[REQUIREMENT] Look in the listing below for the line that has "Online transport service", then return it and each following line up to and including the one with "Italian Modernist Low", exactly and without pictures.

[DATA TO USE]
┄┄┄┄┄┄
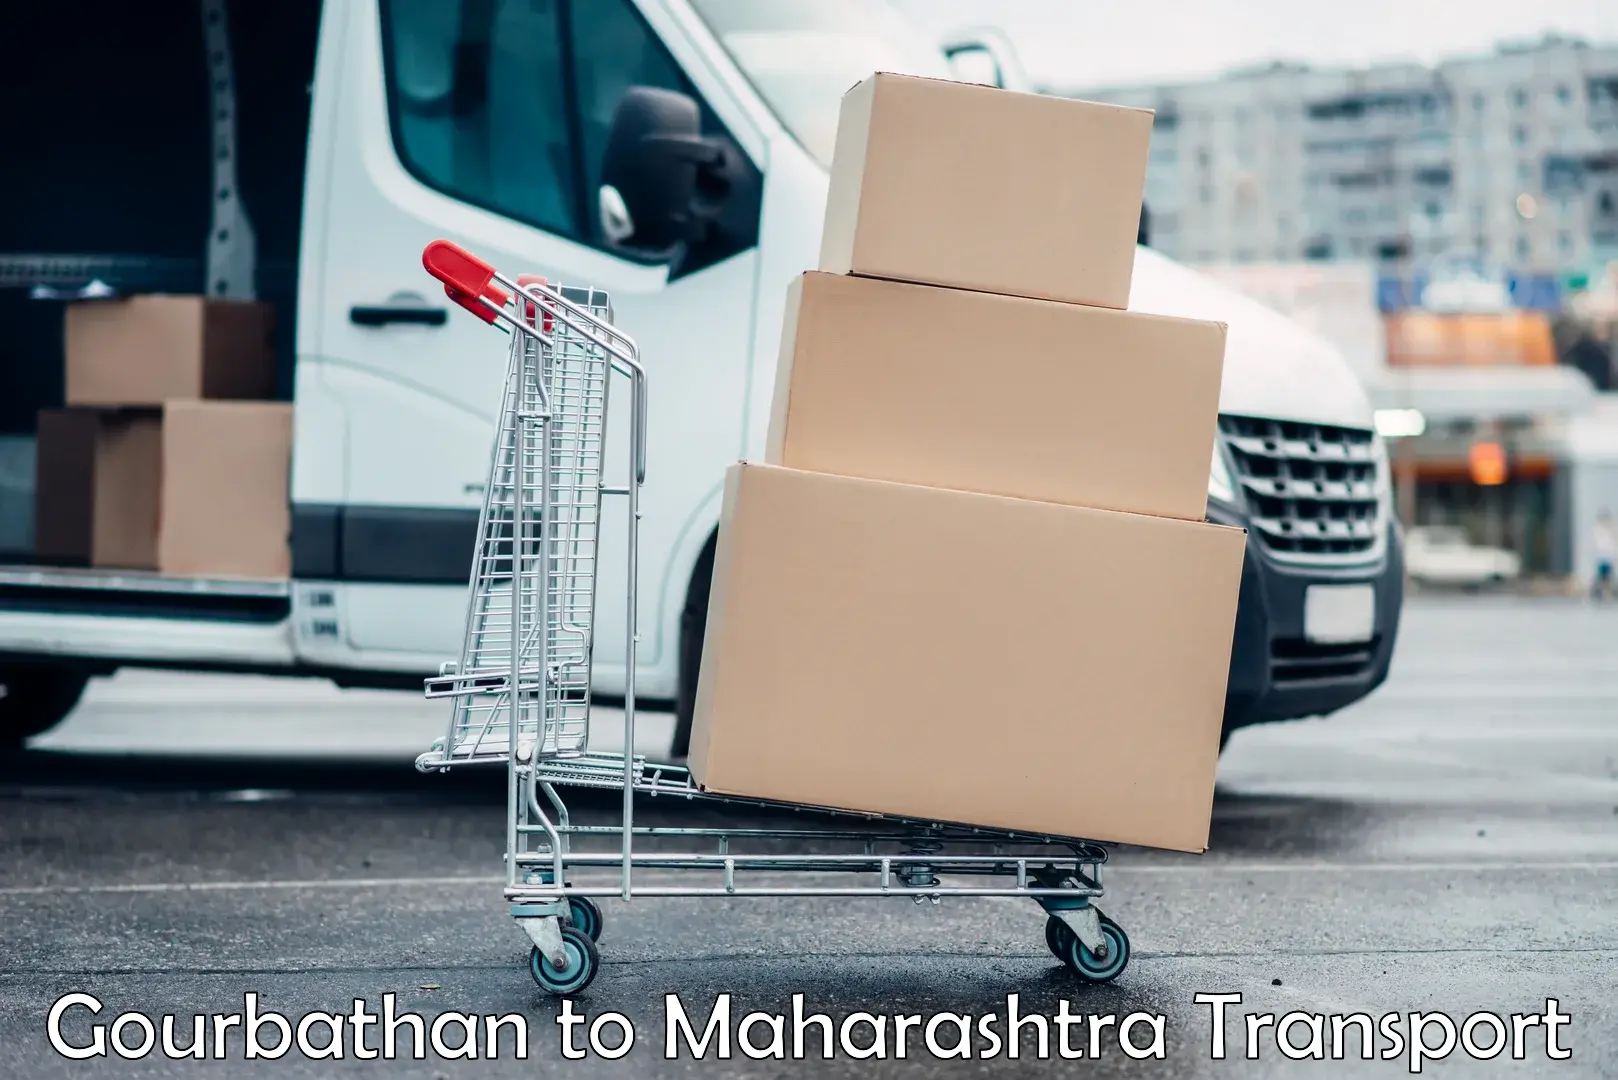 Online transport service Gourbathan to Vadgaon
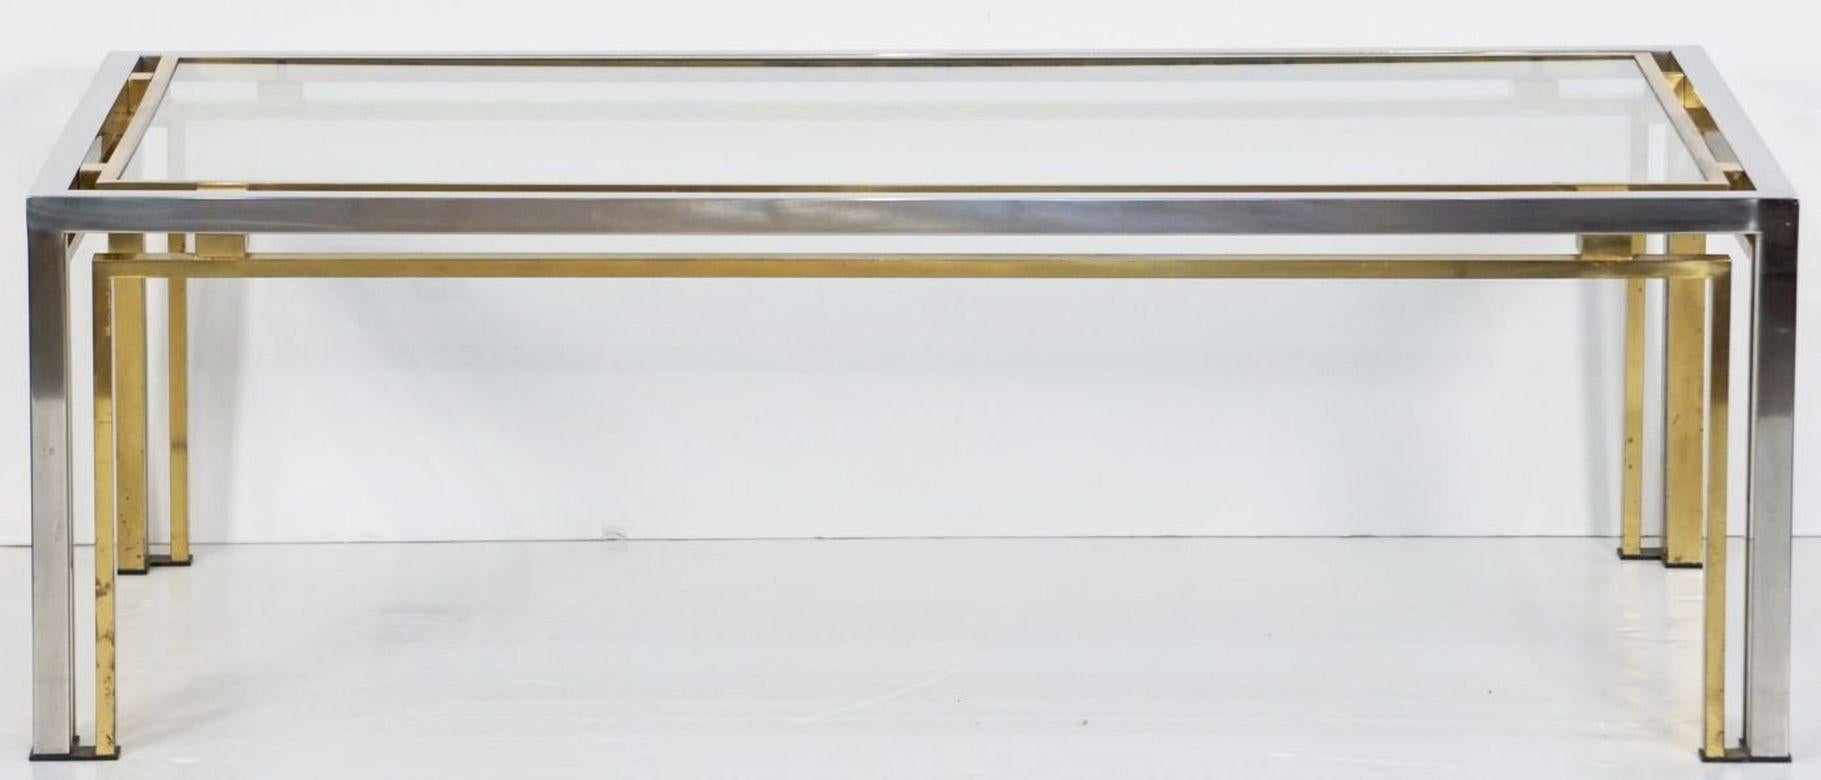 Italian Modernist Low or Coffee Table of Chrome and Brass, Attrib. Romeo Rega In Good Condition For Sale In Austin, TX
┄┄┄┄┄┄
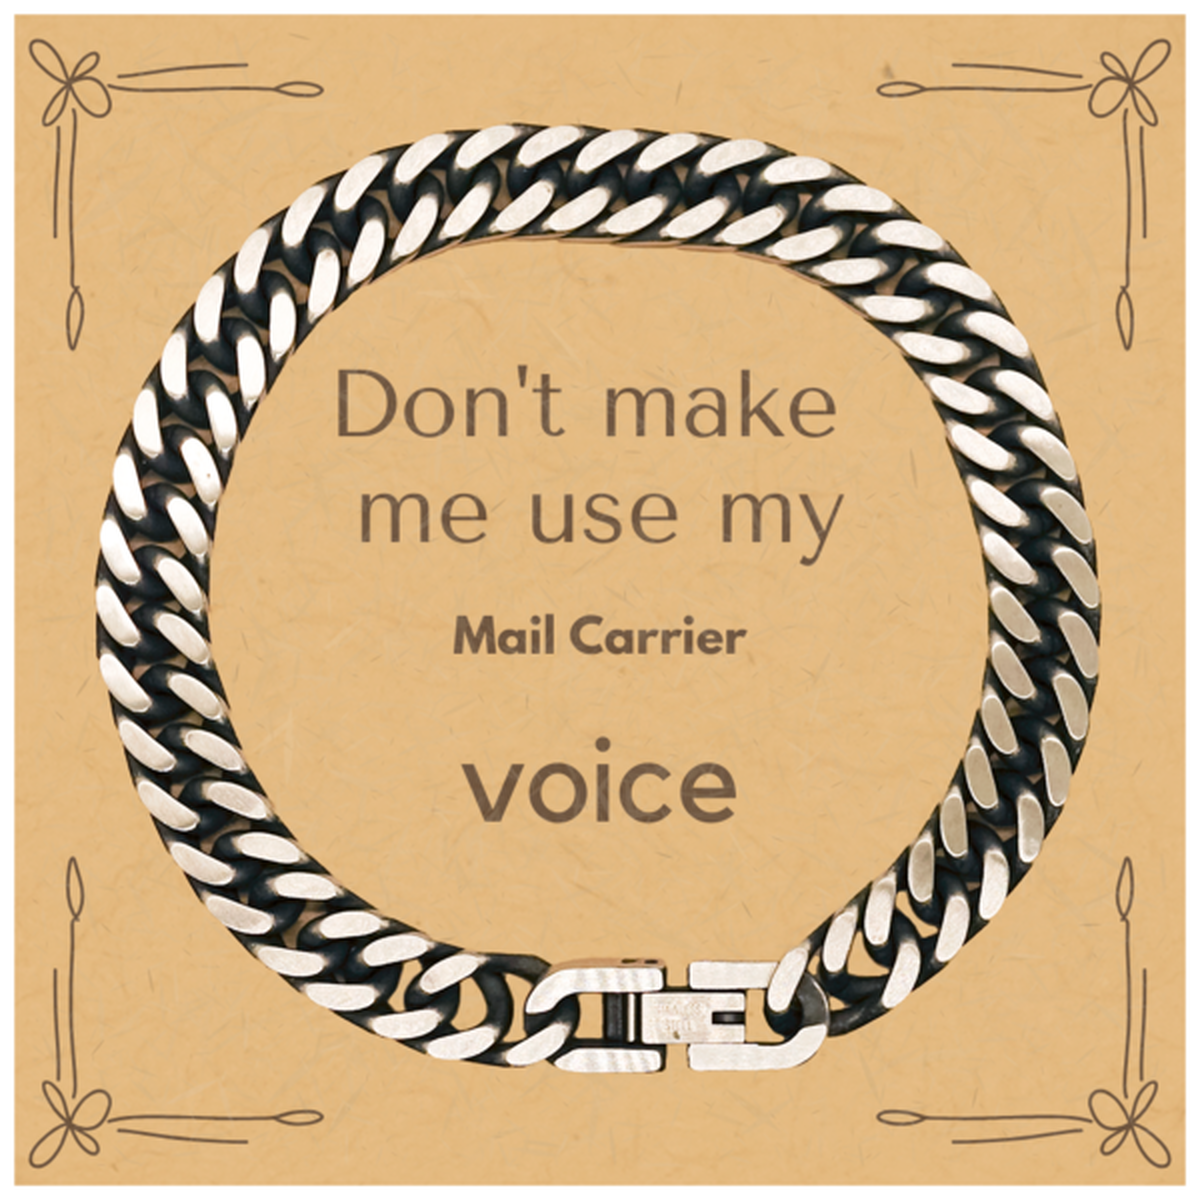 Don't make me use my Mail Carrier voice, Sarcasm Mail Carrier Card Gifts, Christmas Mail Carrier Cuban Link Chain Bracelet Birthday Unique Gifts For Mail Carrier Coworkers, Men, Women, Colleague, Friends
┄┄┄┄┄┄
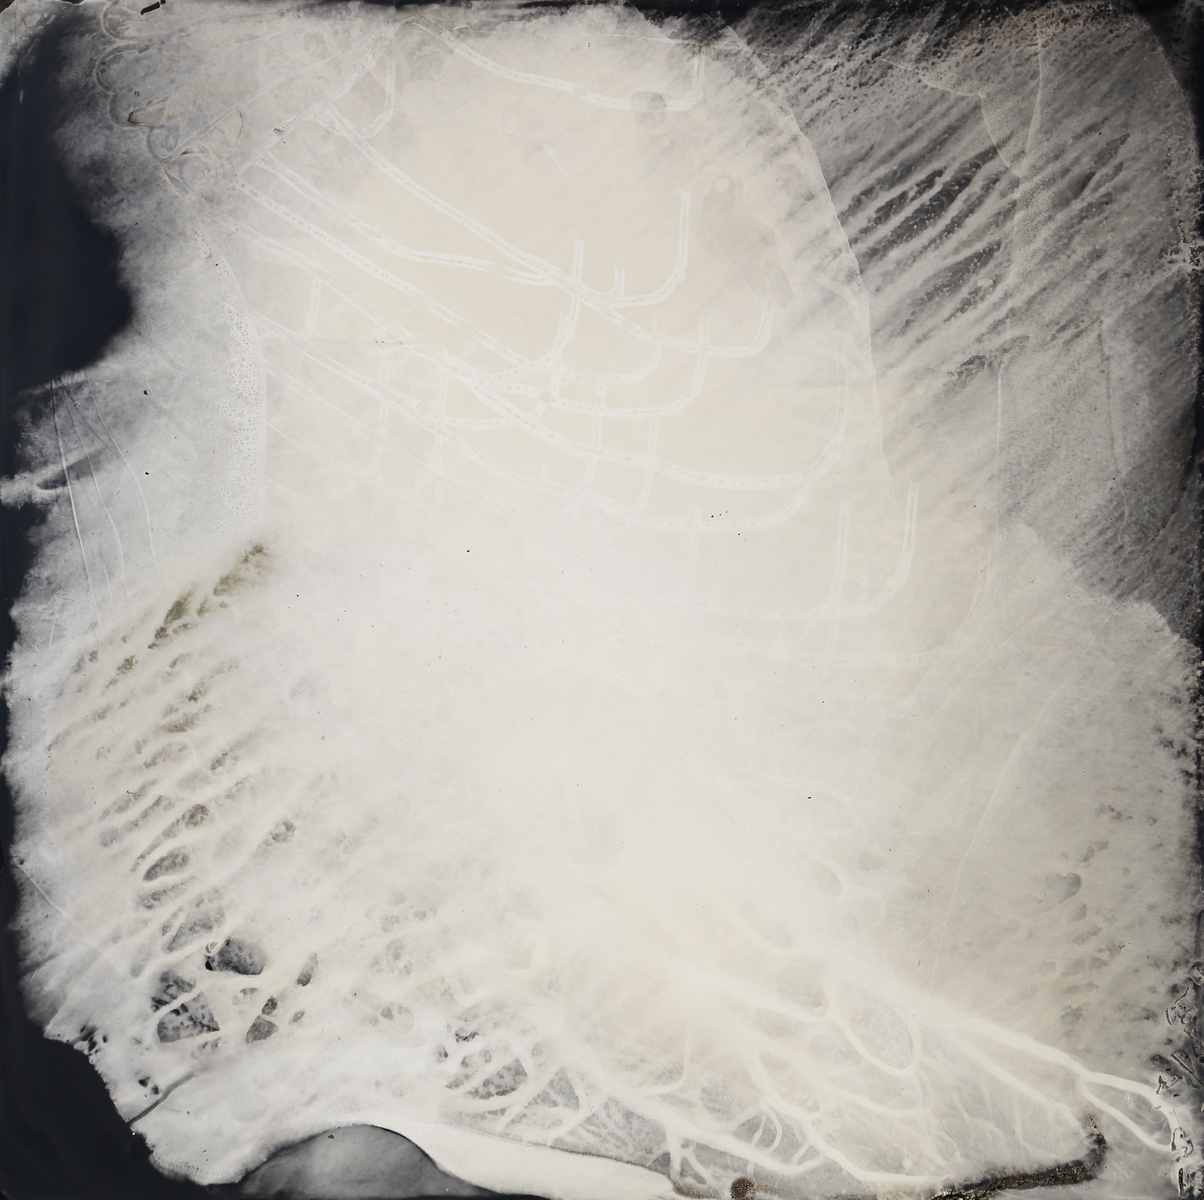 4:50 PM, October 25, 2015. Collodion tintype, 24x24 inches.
┄┄┄┄┄┄
[OUTPUT FOR THIS EXERCISE]
 Online transport service Gourbathan to Vadgaon
 Italian Modernist Low or Coffee Table of Chrome and Brass, Attrib. Romeo Rega In Good Condition For Sale In Austin, TX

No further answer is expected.